Further, the system may be directly connected to one or more data
sources which may include, but not be limited to a public and/or
private database or any external system connected through an
Application Program Interface (API). Further, if the system is
directly connected to an instrument that generates data (i.e. mass
spectrometer, microarray scanner, etc.) or other data processing
system, the data may be provided to the system automatically,
programmatically, or manually. In some instances, data may be
obtained through "cores", which represent third party entities
within commercial or academic organizations that generate/process
biological datasets.
[0011] In a preferred embodiment, the system described herein
identifies two or more users and/or organizations, based on one or
more correlations between their biological datasets. Described
herein, correlations may refer to one or more overlapping
biological molecules in two or more biological datasets identified
through the use of one or more computational techniques. Such
techniques may include, but not limited to, simplistic approaches
with little to no statistical rigor, or a highly sophisticated
schema dependent upon higher order data analytics and machine
learning, described in detail below. The correlation technique used
by the system may be dependent on the type of data, the type of
analysis being performed, the data provider, or a specific
configuration set by a user or organization. The process of
identifying two or more users or organizations based on
correlations between their respective biological datasets is
referred to herein as "data-dependent socialization".

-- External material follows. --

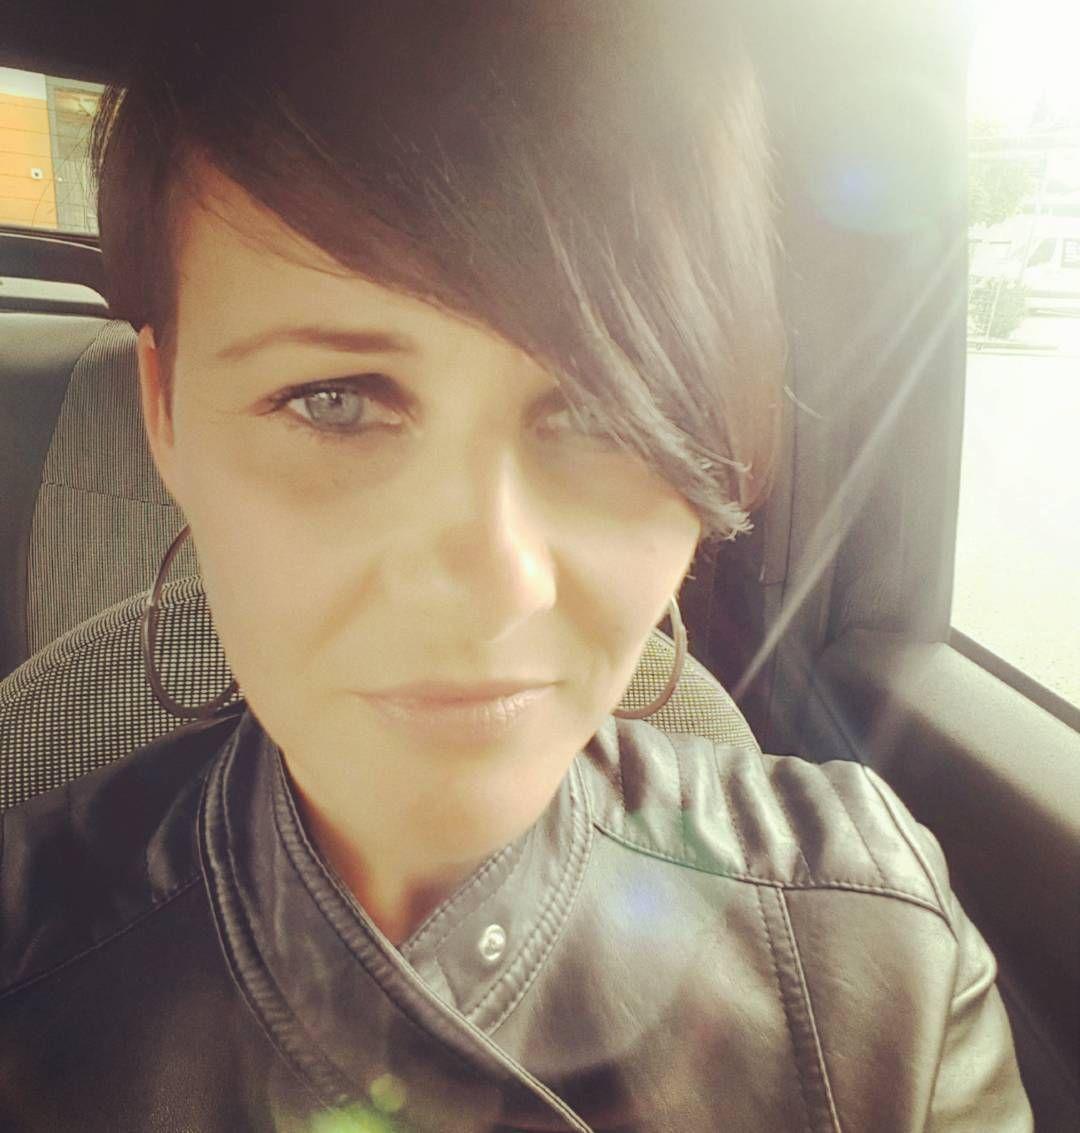 #selfie#me#inthecar#josephine#wednesday http://misstagram.com/ipost/1612964806239709897/?code=BZiZvIHH-rJ

[0012] To enable data-dependent socialization, the system may use
associated id metadata, experiment metadata or other information.
Further, the system may be configured to recommend and facilitate
communication between two or more users, two or more organizations,
one or more users to one or more organizations, or any other
combination thereof. The recommendation of one or more users or
organizations, based on data-dependent socialization, is referred
to herein as a "collaboration recommendation." Collaboration
recommendations may be strictly based on correlations between two
or more biological datasets or further based on one or more
criteria set by a user, organization, or system.
[0013] By utilizing the data-dependent socialization system and
methods described herein, users and organizations can collaborate
across similar or multiple disciplines. For private companies (i.e.
pharmaceutical, biotechnology) this may enable identification of
consultants and/or laboratories in academia that can facilitate and
optimize R&D efforts, thereby cutting costs and accelerating
product development. For academics, the system may serve as a
conduit to identify key partnerships with other investigators in
the private and public domains that may optimize their research and
funding efforts. The system described herein may provide the user
or organizations a report containing what data overlaps and why it
overlaps. This report may facilitate a mutually "common ground"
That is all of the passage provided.